Zaplombowane i zamknięte na cztery spusty są dzisiaj ostrołęckie sklepy z dopalaczami.

(bm)
Fot. B. Modzelewska
To efekt sobotniej akcji policji i inspektorów sanepidu.

Właścicielom sklepów wręczono decyzję Głównego Inspektora Sanitarnego, nakazującą zaprzestanie działalności w obiektach służących produkcji, obrotowi hurtowemu i detalicznemu dopalaczy (powodem akcji było wycofanie ze sprzedaży środka o nazwie "Tajfun").

To była akcja ogólnopolska. Kilkuset inspektorów sanitarnych wspieranych przez policję wkroczyło do 1645 sklepów i hurtowni z dopalaczami (w Ostrołęce są cztery takie sklepy - przyp. red.).

- Nie stwierdziliśmy, aby któryś z właścicieli ostrołęckich sklepów złamał nakaz GIS - powiedział nam Dariusz Wesołowski, rzecznik policji. - W dwóch sklepach co prawda naruszone były plomby, ale nie ma dowodów, że zrobili to ich właściciele. Przez weekend obserwowaliśmy dwa sklepy. Funkcjonariusze nie zauważyli, by pomimo zakazu odbywał się tam handel tzw. wyrobami kolekcjonerskimi.

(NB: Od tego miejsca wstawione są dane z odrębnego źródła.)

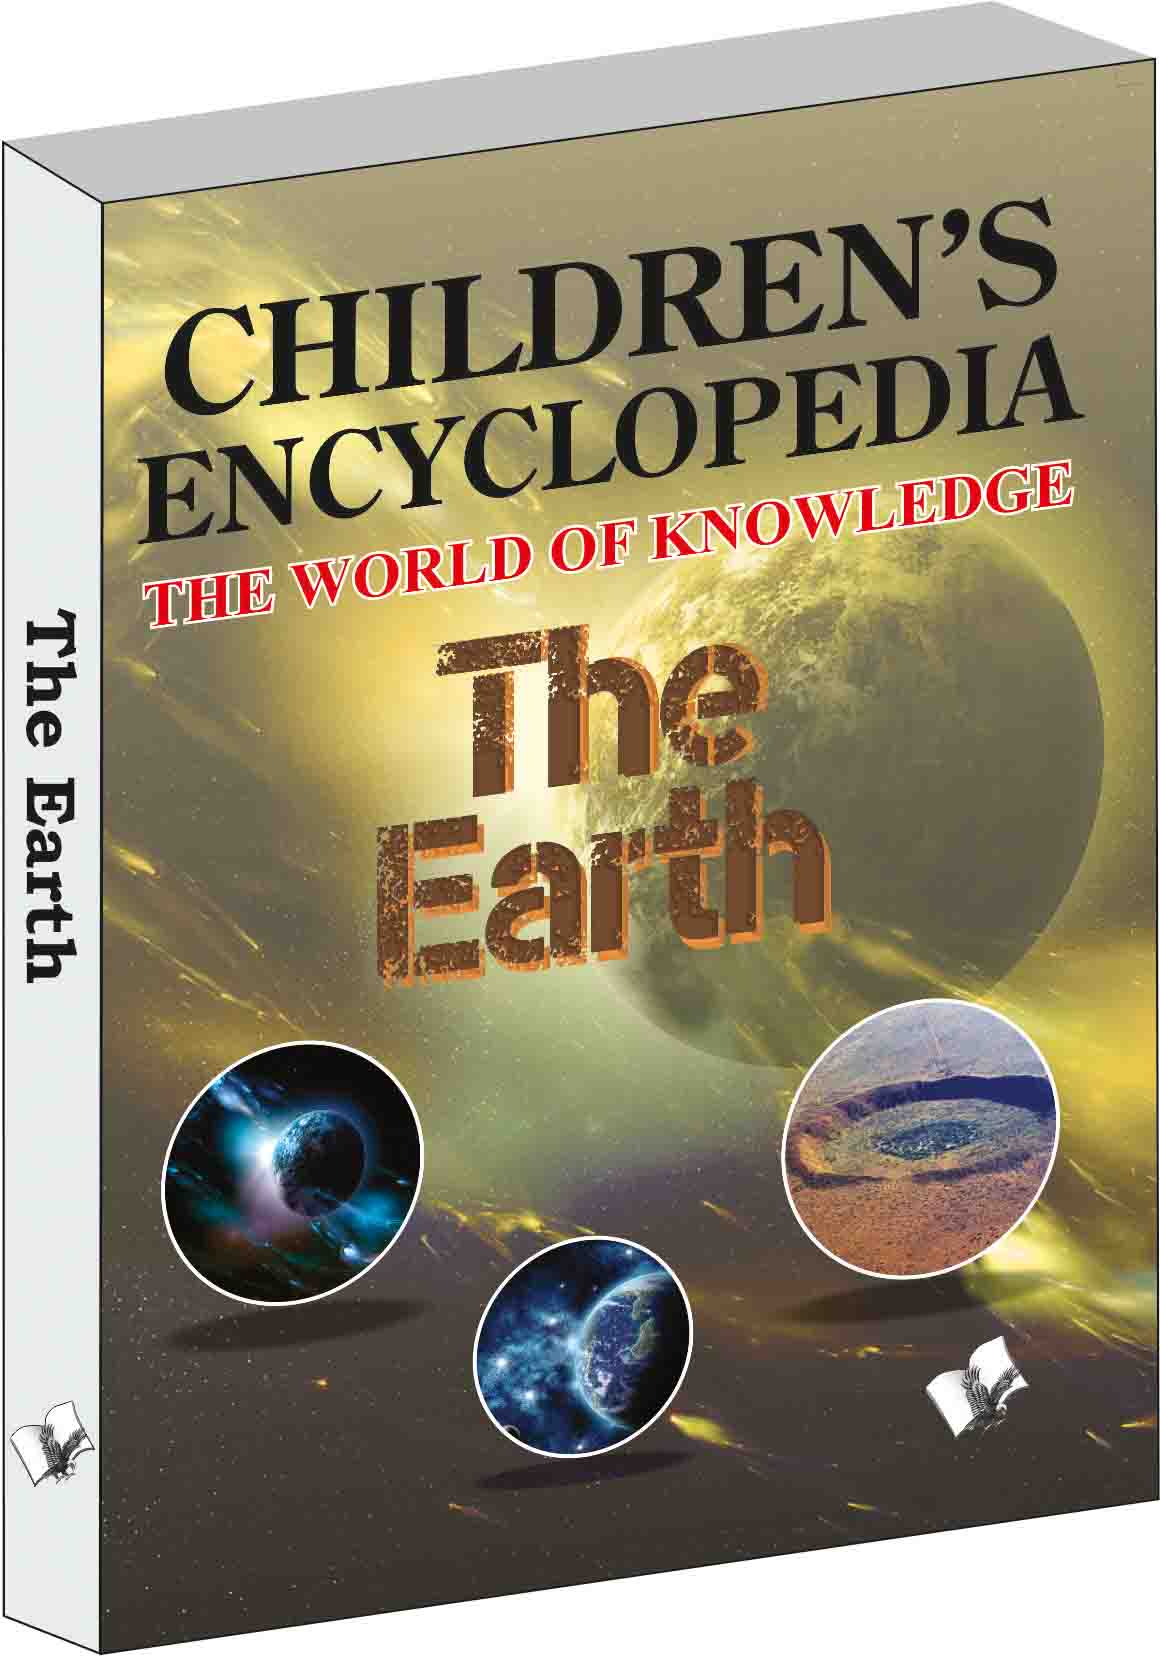 Children's Encyclopedia - The Earth -The World of Knowledge for the enquisitive minds

Kilkanaście dni temu sklepy z dopalaczami kontrolowała inspekcja handlowa. W sklepie przy ul. Głowackiego wykryto nieprawidłowości. Kontrola wykazała, że przy towarach nie było wywieszek, które według przepisów być powinny. Sklep był również kontrolowany przez inspekcję farmaceutyczną. Kontrolerzy odkryli, że przy mieszankach ziołowych nie ma ich składu. Na właściciela sklepu nałożono mandat w wysokości 100 zł.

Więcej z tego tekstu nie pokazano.